Diese Station, für die damals Schwester Herta Schulze verantwortlich war, musste im Jahre 1957 aufgegeben werden und auch die Säuglingspflegeschule konnte auf Grund fehlender staatlicher Anerkennung nach 1945 seine Arbeit nicht wieder aufnehmen.

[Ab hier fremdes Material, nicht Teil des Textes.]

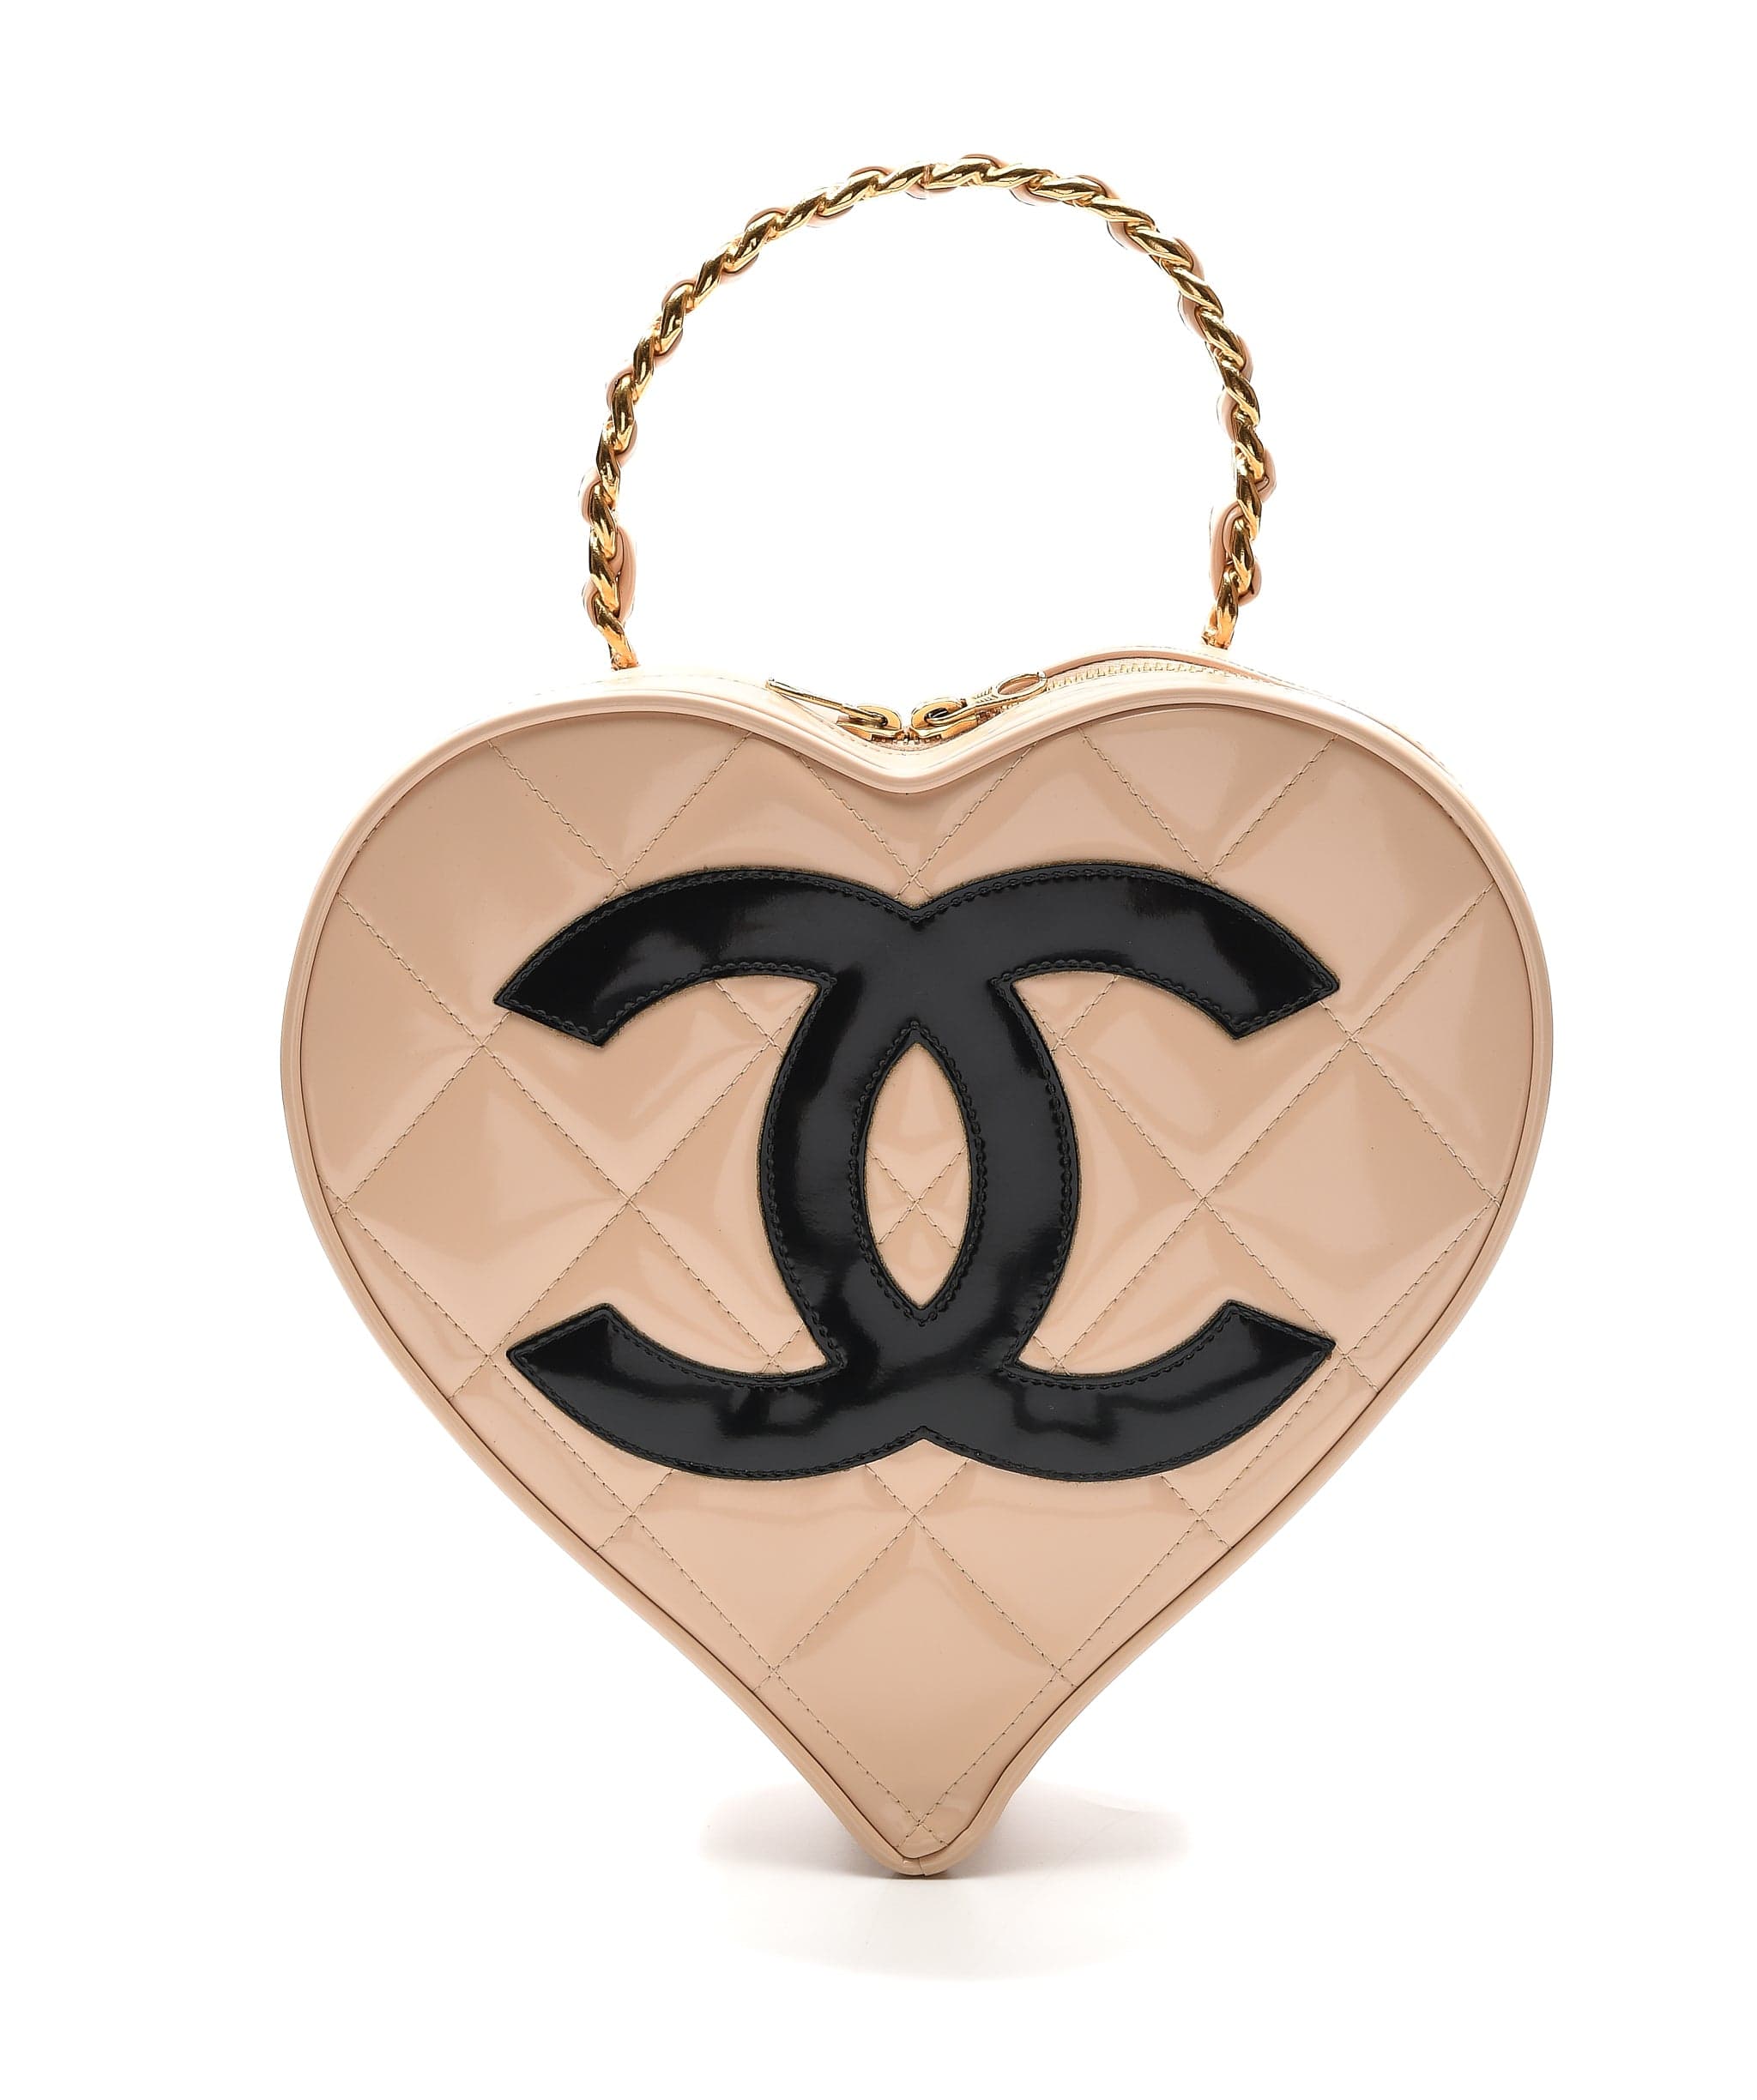 Vintage Chanel Heart Vanity Bag Beige and Black Patent Antique Gold Hardware

Im Februar 1945 wurde das Säuglingsheim evakuiert. Erst im Juli 1946 konnten alle Heimbewohner und Pflegepersonal nach Salem zurückkehren.

 

Pastor Reinhold Winkelmann, unter dessen Leitung die beiden Häuser gebaut wurden, war es vergönnt, 21 Jahre als Leiter der Oberlausitzer Synodaldiakonie und gleichzeitig als Pfarrer der Kirchgemeinde Kunnerwitz sehr erfolgreich wirken zu können.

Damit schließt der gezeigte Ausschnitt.